I'm using pandas to do an outer merge on a set of about ~1000-2000 CSV files. Each CSV file has an identifier column id which is shared between all the CSV files, but each file has a unique set of columns of 3-5 columns. There are roughly 20,000 unique id rows in each file. All I want to do is merge these together, bringing all the new columns together and using the id column as the merge index.

I do it using a simple merge call:

merged_df = first_df # first csv file dataframe
for next_filename in filenames:
   # load up the next df
   # ...
   merged_df = merged_df.merge(next_df, on=["id"], how="outer")

The problem is that with nearly 2000 CSV files, I get a MemoryError in the merge operation thrown by pandas. I'm not sure if this is a limitation due to a problem in the merge operation?

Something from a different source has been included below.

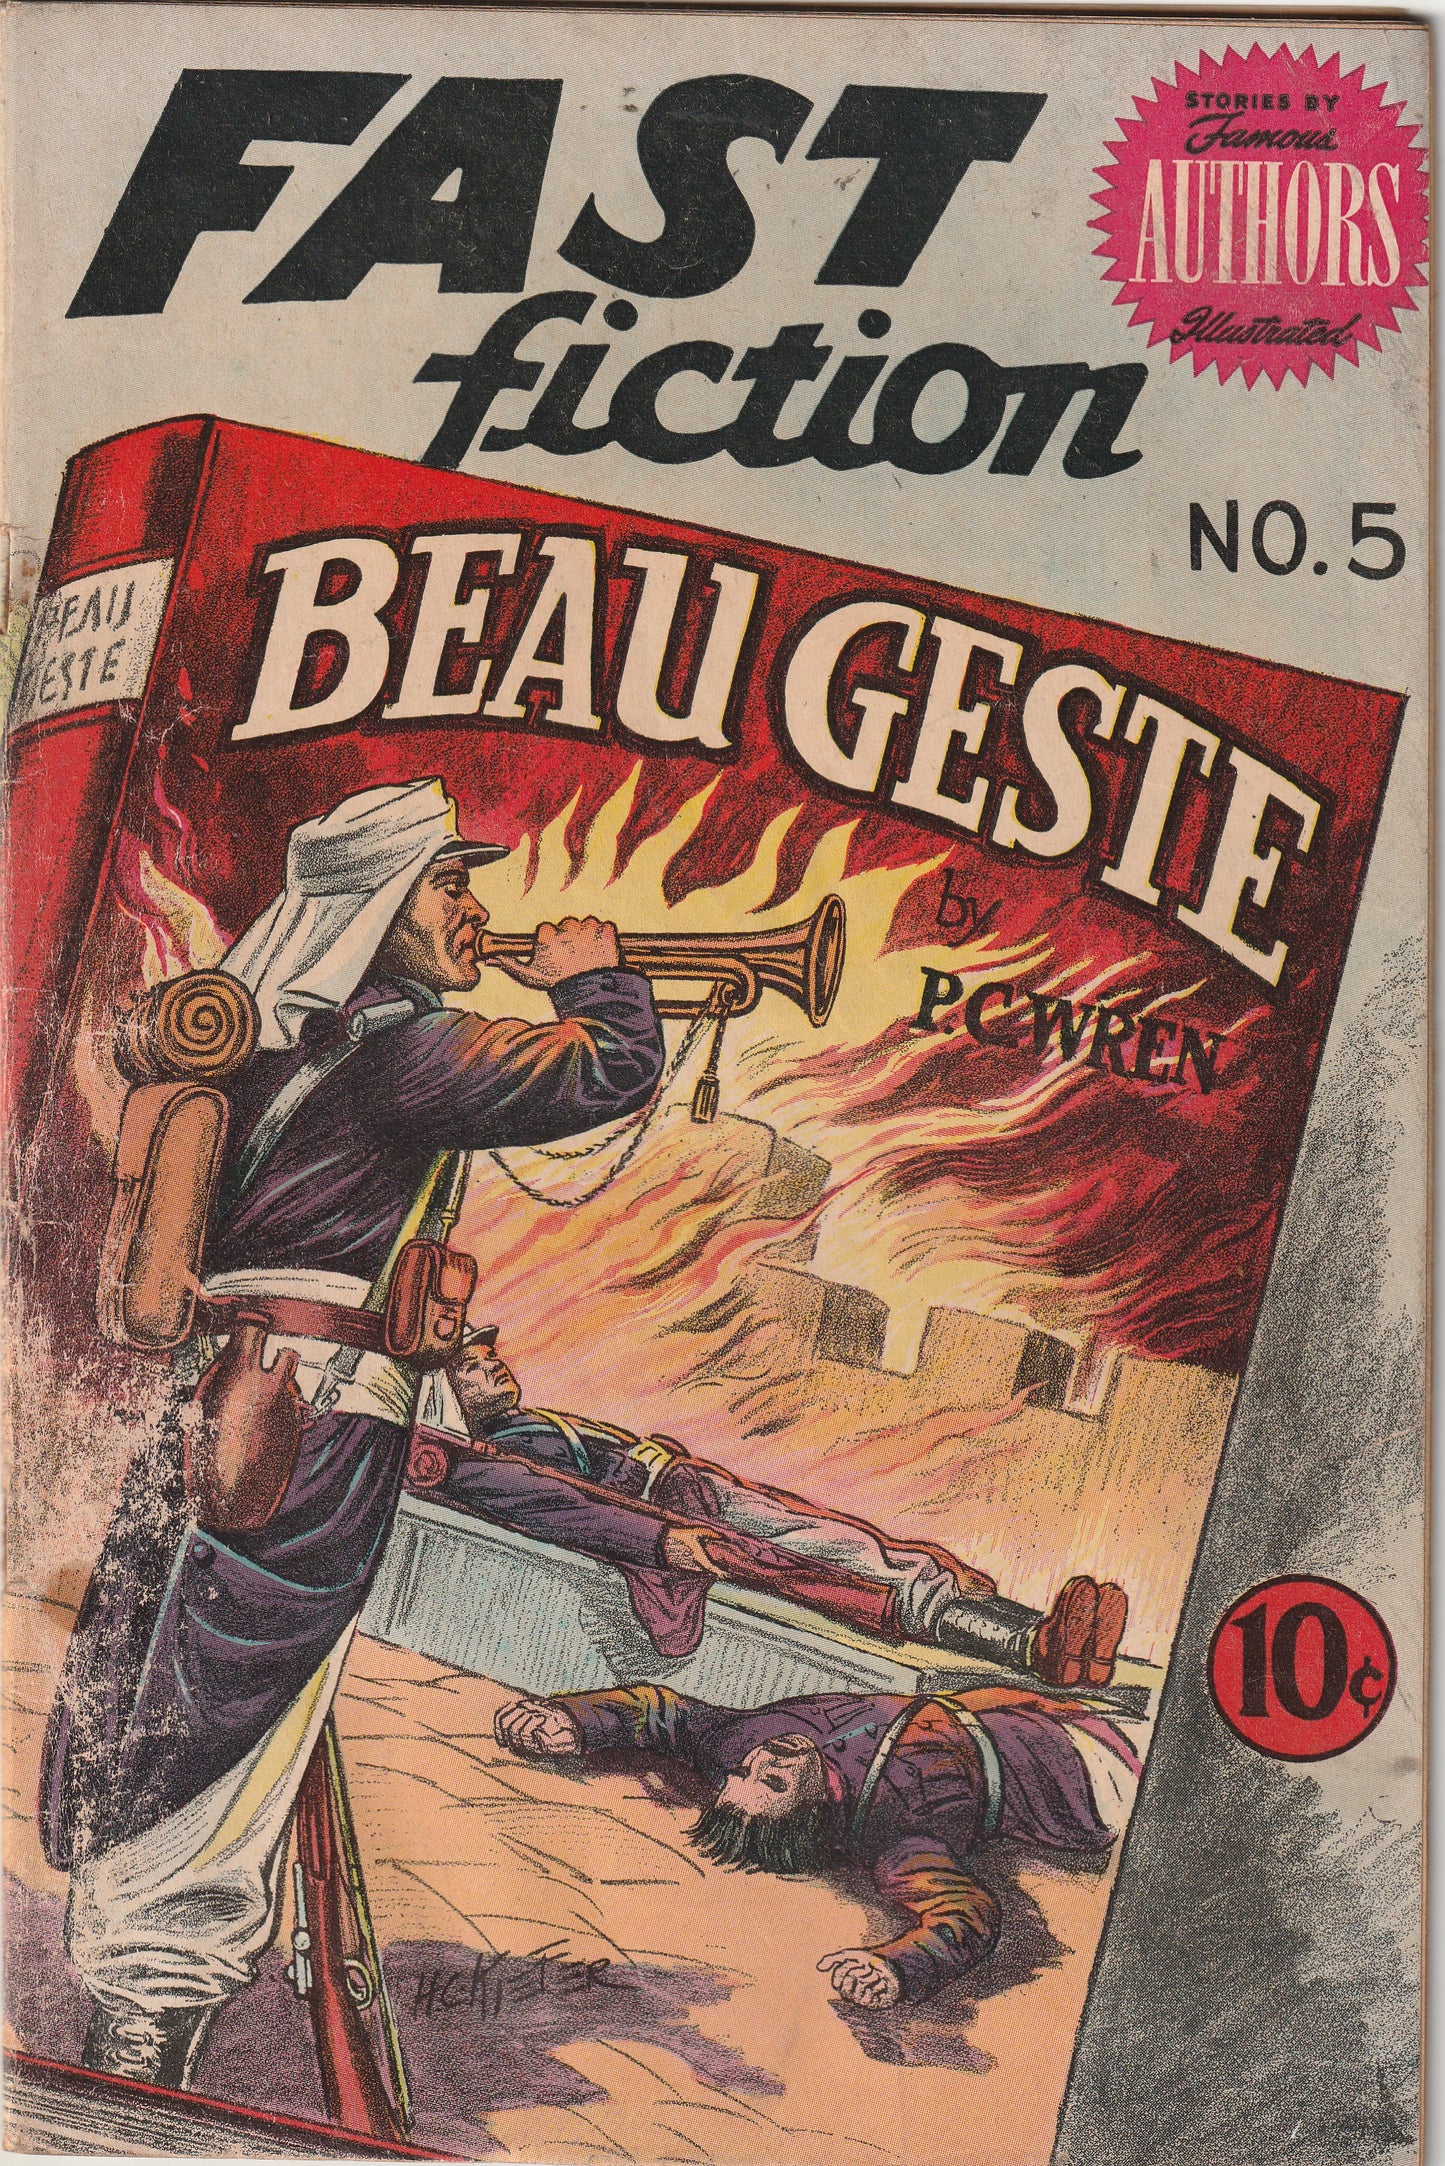 Fast Fiction #5 (1950) - Beau Geste by P.C. Wren

The final dataframe would have 20,000 rows and roughly (2000 x 3) = 6000 columns. This is large, but not large enough to consume all the memory on the computer I am using which has over 20 GB of RAM. Is this size too much for pandas manipulation? Should I be using something like sqlite instead? Is there something I can change in the merge operation to make it work on this scale?

thanks.

3 Answers3

8

I think you'll get better performance using a concat (which acts like an outer join):

dfs = (pd.read_csv(filename).set_index('id') for filename in filenames)
merged_df = pd.concat(dfs, axis=1)

This means you are doing only one merge operation rather than one for each file.

Andy Hayden
  • 359,921
  • 101
  • 625
  • 535
  • 1
    As of memory, you should be able to use a gen expression instead of list comprehension...(not sure about the inner workings of the `concat` though) – root Jun 19 '13 at 19:09
  • @root well, generator can only be better I think (worst case it just converts it to a list) :) – Andy Hayden Jun 19 '13 at 19:12
  • @root Good spot btw! (tbh I didn't know concat would accept a generator!) – Andy Hayden Jun 19 '13 at 19:20
  • Well, I actually checked it before commenting :P; it isn't mentioned in the docs I think... – root Jun 19 '13 at 19:23
  • @AndyHayden: brilliant solution, works, thank you! could you explain why it works better though? is it that each individual merge takes up memory that is not garbage collected in time and then you run out of memory? –  Jun 19 '13 at 19:28
  • 1
    @user248237dfsf well, the main thing is that you are doing lots more merge operations, and also it only builds *one* DataFrame (again this is an expensive operation). I wonder if there a leakage bug, I don't see why it should run out of memory... (I see why it would be much slower though). – Andy Hayden Jun 19 '13 at 19:41
  • 1
    @user248237dfsf it might be worth posting that aspect as an [issue](https://github.com/pydata/pandas/issues)... – Andy Hayden Jun 19 '13 at 19:45
0

I met same error in 32-bit pytwhen using read_csv with 1GB file. Try 64-bit version and hopefully will solve Memory Error problem

Eric Wang
  • 1,009
  • 1
  • 9
  • 16
0

pd.concat seems to run out of memory for large dataframes as well, one option is to convert the dfs to matrixes and concat these.

def concat_df_by_np(df1,df2):
    """
    accepts two dataframes, converts each to a matrix, concats them horizontally and
    uses the index of the first dataframe. This is not a concat by index but simply by
    position, therefore the index of both dataframes should be the same
    """
    dfout = deepcopy(pd.DataFrame(np.concatenate( (df1.as_matrix(),df2.as_matrix()),axis=1),
                                  index   = df1.index, 
                                  columns = np.concatenate([df1.columns,df2.columns])))
    if (df1.index!=df2.index).any():
       #logging.warning('Indices in concat_df_by_np are not the same')                     
       print ('Indices in concat_df_by_np are not the same')                     


    return dfout

However, one needs to be careful as this function is not a join but rather a horizontal append while where the indices are ignored

horseshoe
  • 1,437
  • 14
  • 42